Did you buy a car or a drive train?

It's like Coca-Cola saying "the water in our product is 100% sugar-free". But as a consumer, are you actually able to drink just the water part of a Coke, or do you have to drink the whole lot with all that sugar in it?

A specification for a part of a product that is not achieveable in the final product is not useful to consumers because we're not buying the product to take it apart and only use the parts that have been rated. We're buying the product to use it as a whole, so we're interested in the specs of the product as a whole.
 
Google Ford horsepower lawsuit.
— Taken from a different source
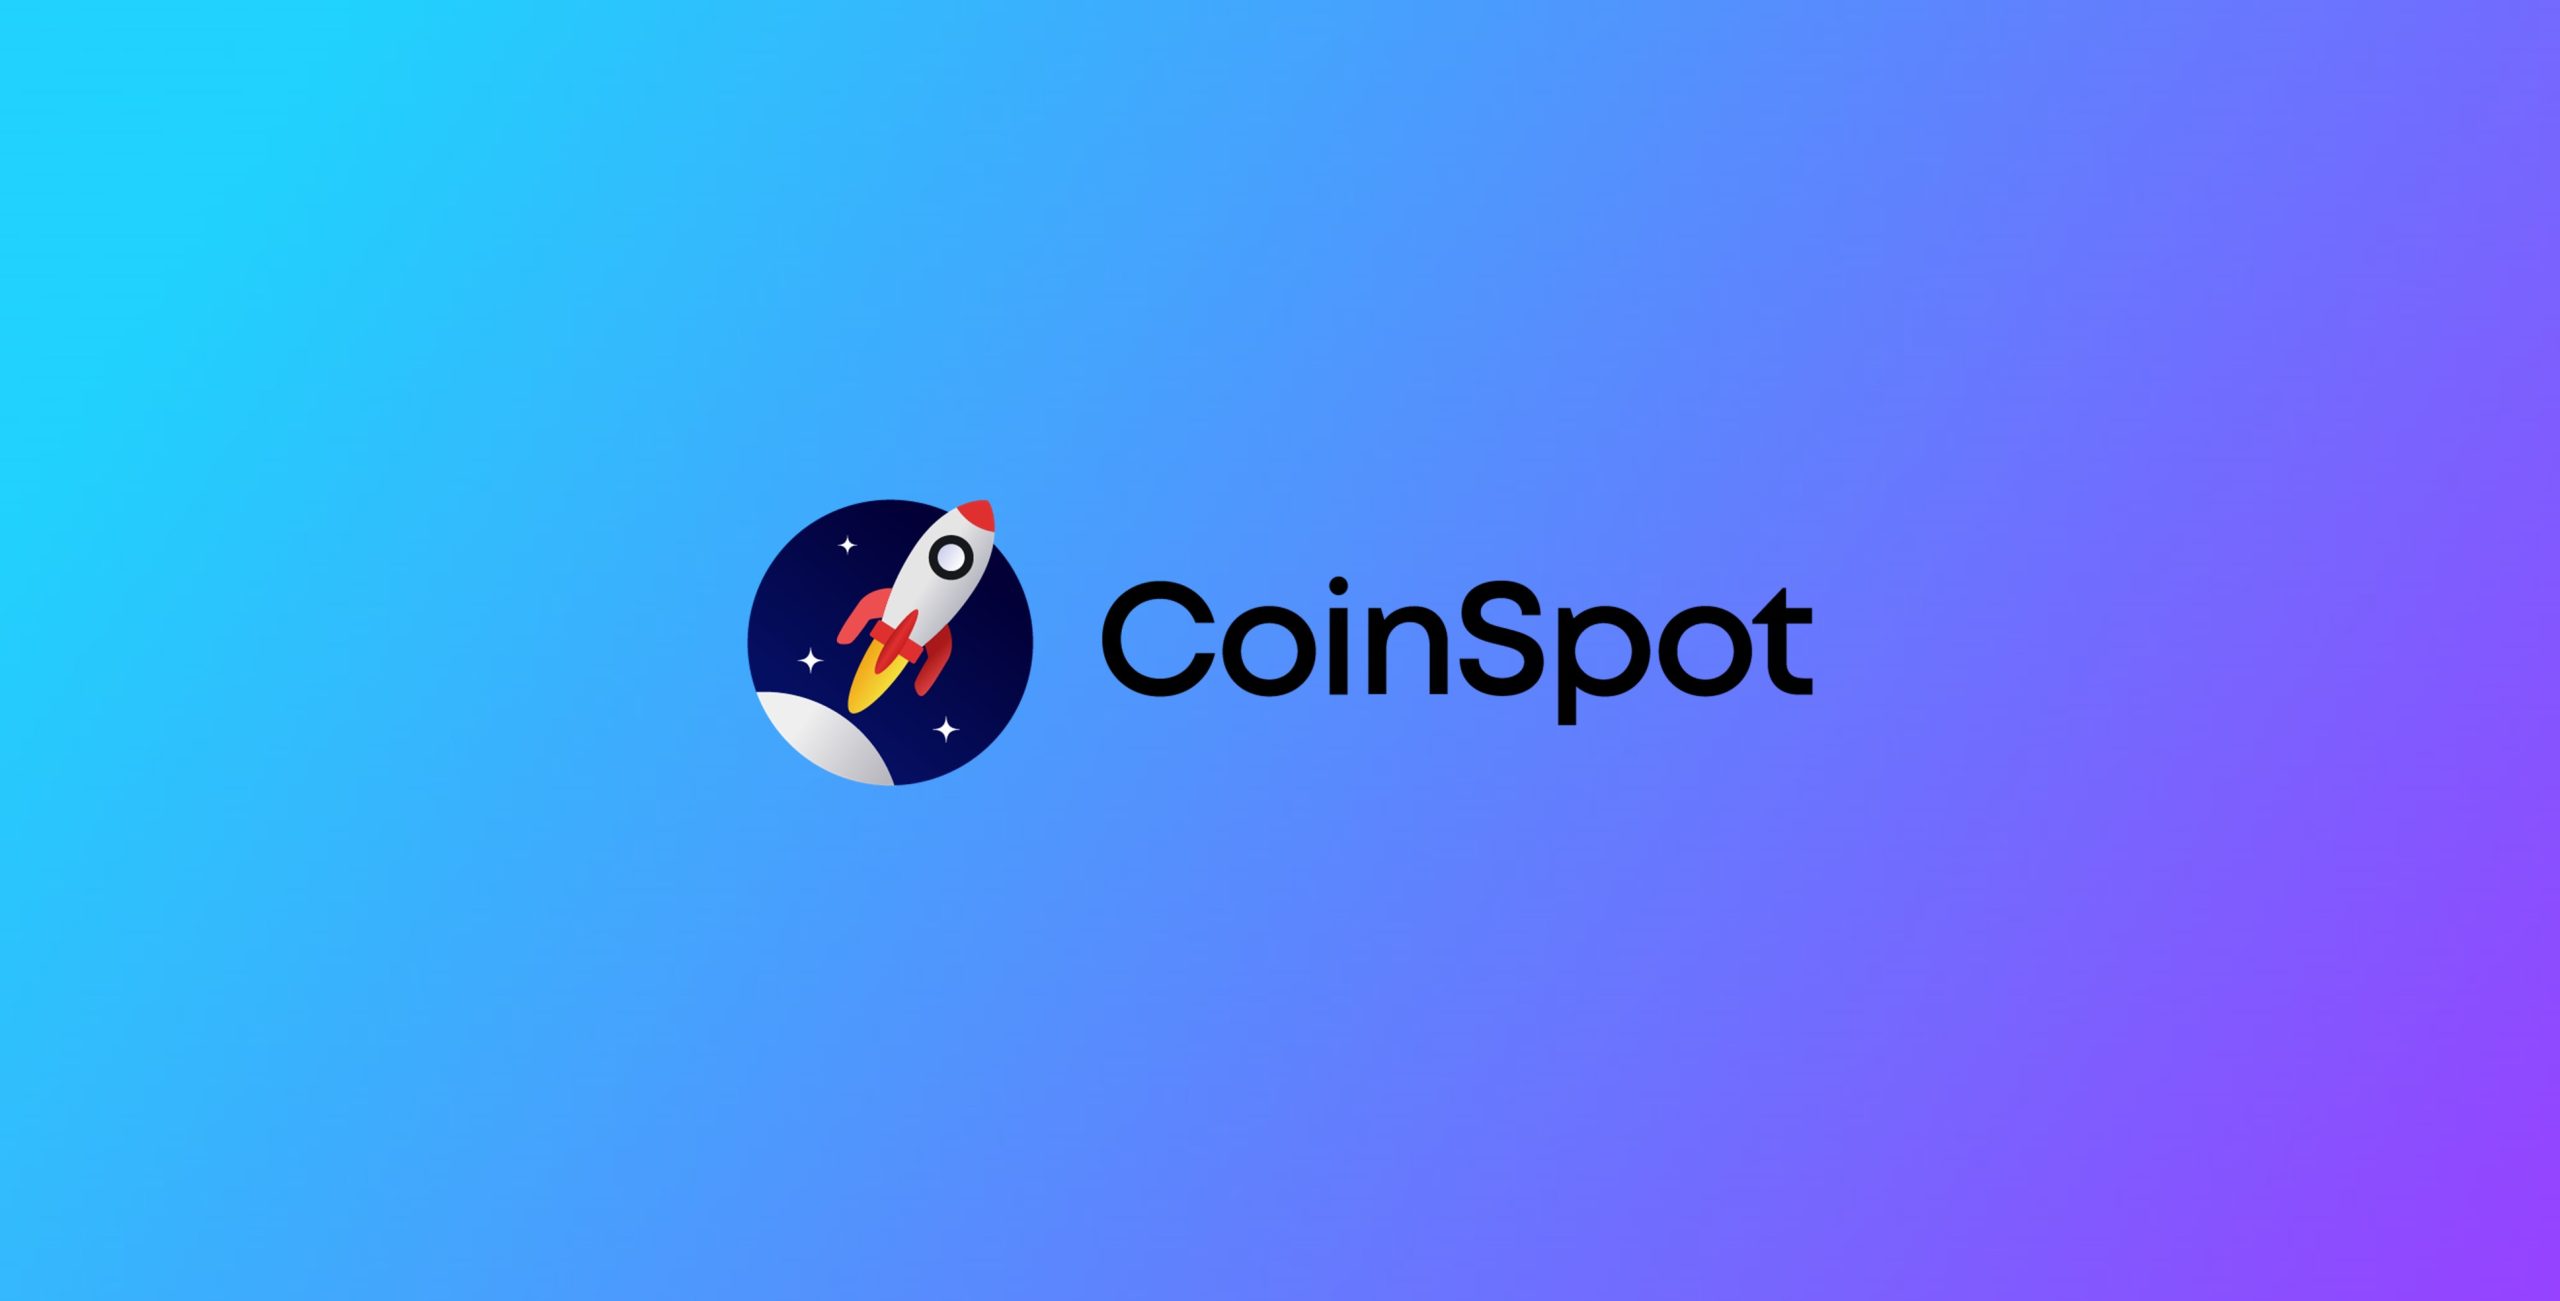 CoinSpot - Australian FinTech

If you Google horsepower lawsuit, you will get many results of companies getting into trouble for lying about their hp rating including lots of lawn care companies. If companies making lawnmowers get punished for misstating their hp, its hard to imagine Tesla coming away from this unscathed.
I actually posted about why none of the ICE car examples apply to Tesla's case. In those cases they involve engines that actually lost power compared to when it was advertised (whether it be from production equipment like with Cobra, or because of different emission equipment for different markets as with Mazda). However, for Tesla the issue was never about losing power versus a pre-production example or losing power due to emissions equipment in different markets (which is not applicable to EVs).
http://www.teslamotorsclub.com/show...hread/page51?p=1175559&viewfull=1#post1175559

As for the lawnmower examples, actually the judges have chosen to throw out a lot of the suits, but so many were going on that the lawnmower manufacturers decided settling actually cost less money. Even then the examples don't apply. The main claim was that the advertised HP numbers did not match that reported to the EPA (for example a model advertised at 6.75 hp is reported as 3.8 hp to the EPA).
http://www.washingtonpost.com/wp-dyn/content/article/2008/02/15/AR2008021501732_2.html

However, the numbers Tesla advertise clearly does match that reported to the EPA:
https://www.fueleconomy.gov/feg/Find.do?action=sbs&id=36008

They also match that on the US certificate of origin and on the EU certificate of conformity.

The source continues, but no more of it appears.